The first hit, a news report from Surrey Speaks, showed a well-built blond boy of his age, smiling with hands gripping the shoulders of his teammates. Seventeen-year-old drowns in school pool: the headline was followed by details of the police investigation. Found by the art teacher, Anna Harrington. Gus swallowed, his throat dry, staring at the image for over a minute until all he saw was the absolute certainty in Winter’s eyes.
Now he looked through the window of Anna’s empty bedroom, through the open doorway to the lit corridor, wondering whether Alicia was speaking with her father. Were they talking about the boy next door, fearing what he had seen?
There was a single rap on the door behind him and Gus’s uncle stepped into the bedroom. Joe Crow was a heavyset man with broad shoulders and a narrow waist, half an inch shorter than his nephew but twice his mass.
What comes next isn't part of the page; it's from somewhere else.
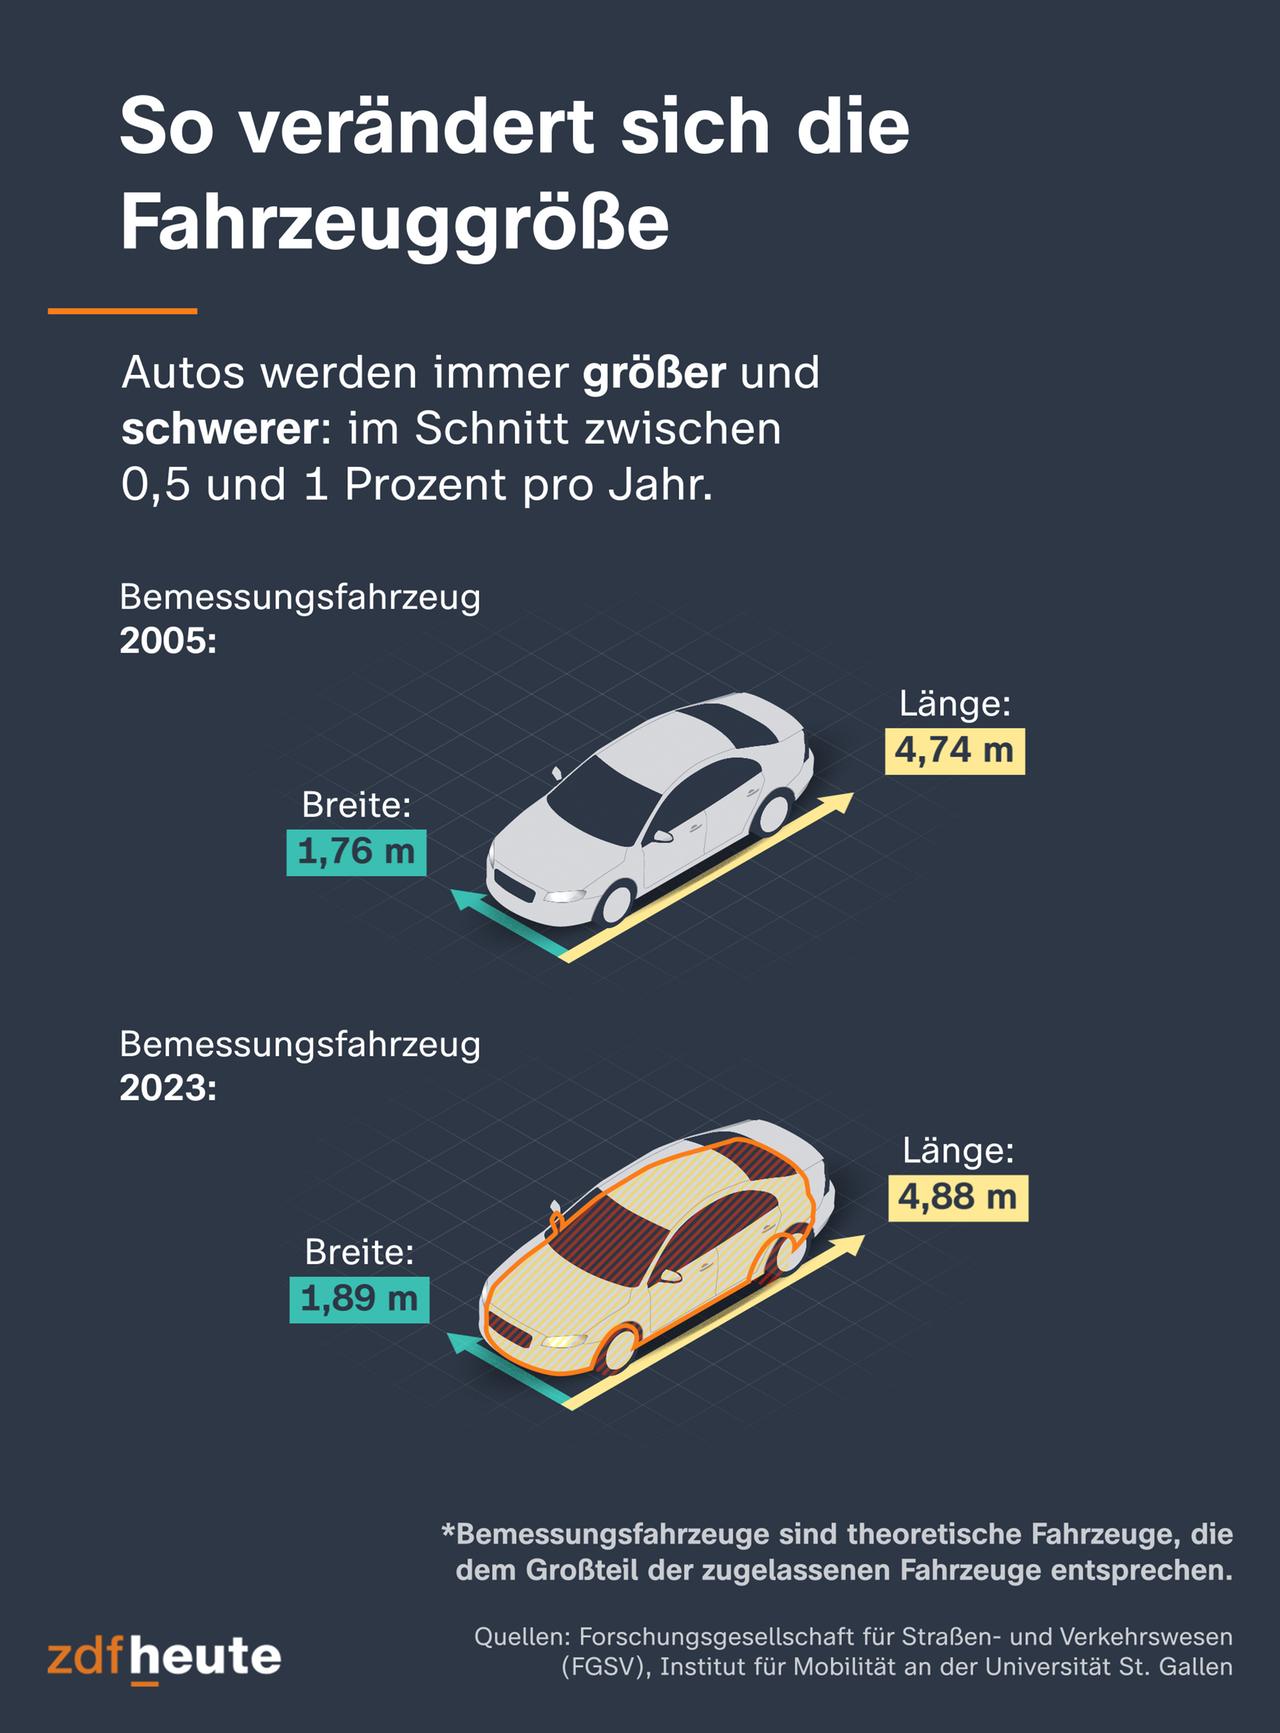 Auf dieser Infografik zeigen wir, wie die Autos über die Jahre gewachsen sind. 
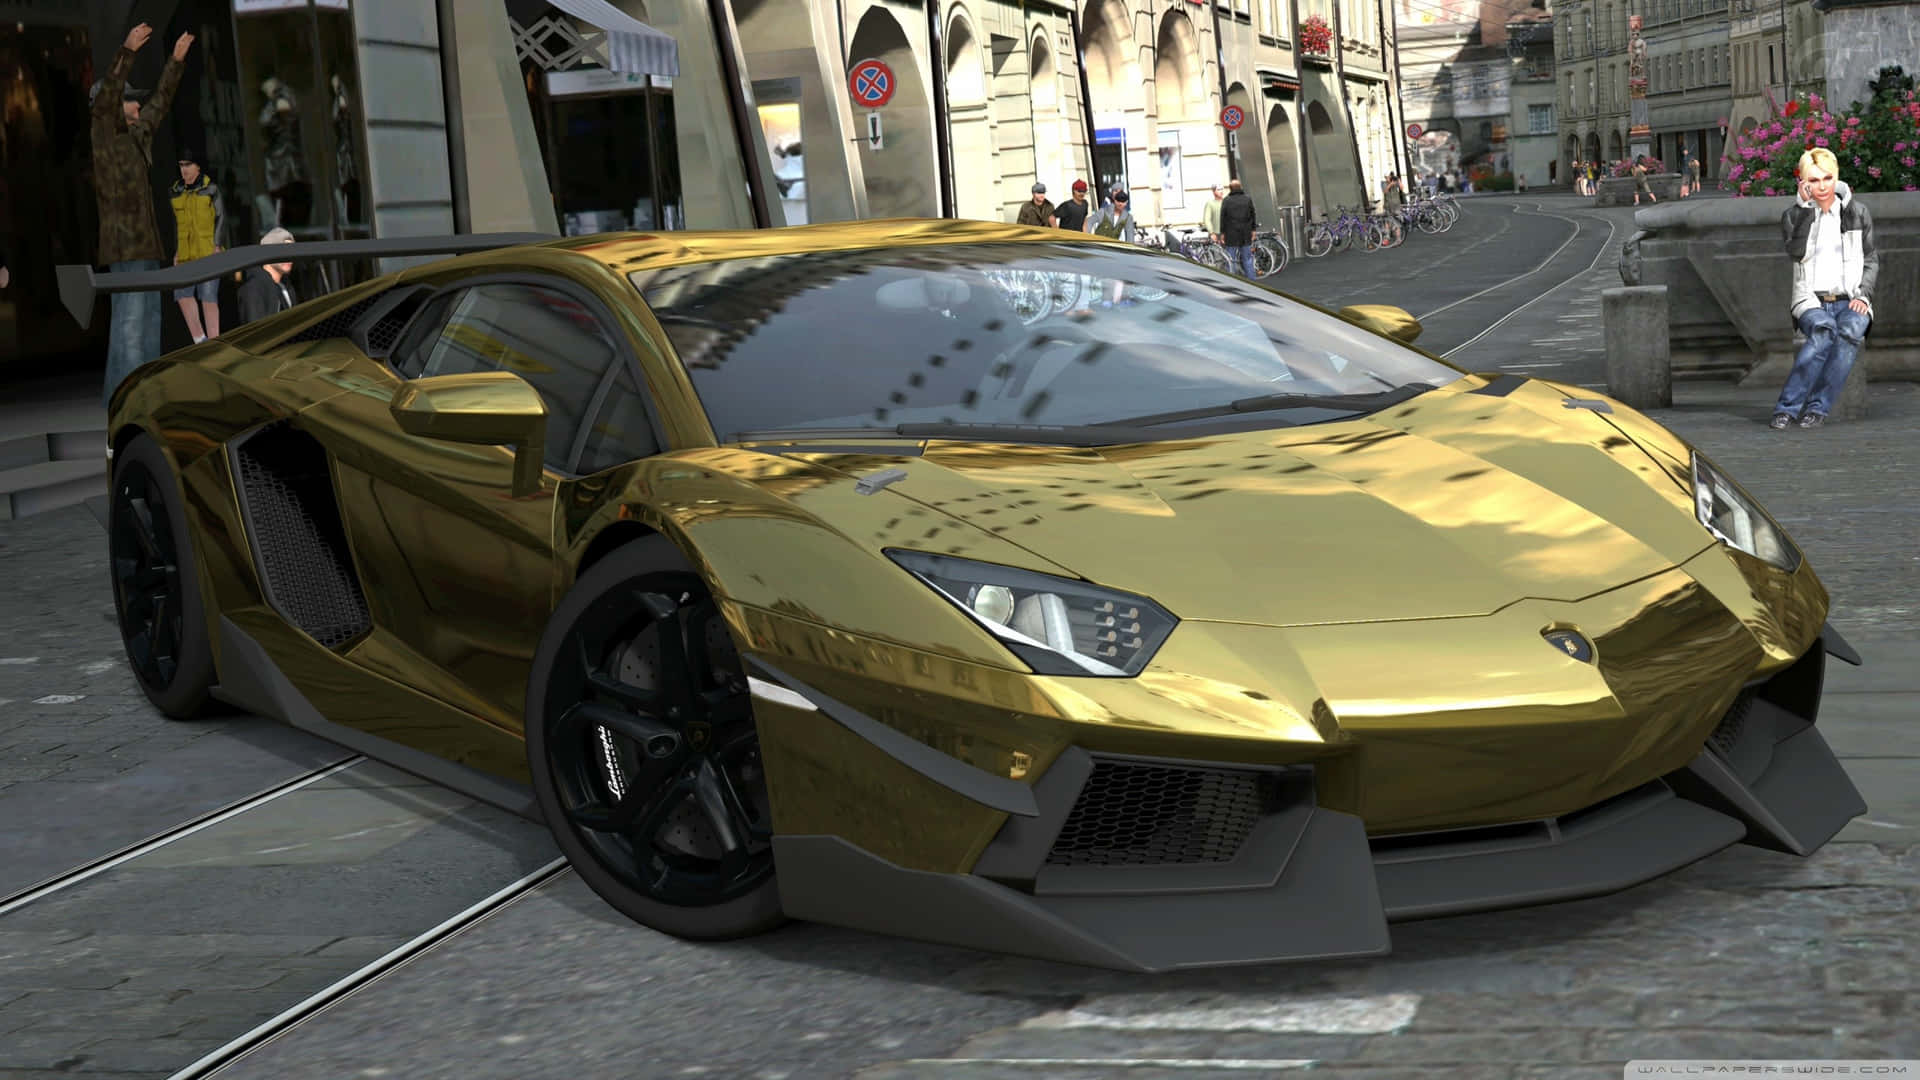 En guldbil er parkeret på gaden. Wallpaper

Wrinkles ran in lines from his small, dark eyes to the edges of his hairless scalp as he surveyed the scene before him.
His irritable gaze drifted from the pile of clothes at his feet to the unopened boxes before settling on the desk against the wall. Amongst the spoils of an upturned bag—mobile phone charger, micro-USB cable, half-finished pack of chewing gum, house keys—he spotted the cover of Anna’s book. Gus turned from the window as his uncle crossed the room in two strides. Keys slid, jangling to the floor, as Joe snatched the book from the desk.
‘Where’d you get this?’ he asked, eyeing Lucid Dreaming: A Beginner’s Guide as though it were a magazine filled with obscene material. Gus took a glance at the pristine, navy Surrey Police uniform and grinned, ready to be arrested for possession of dangerous goods. He sat on the bed with his legs crossed beneath him and his hands on his knees.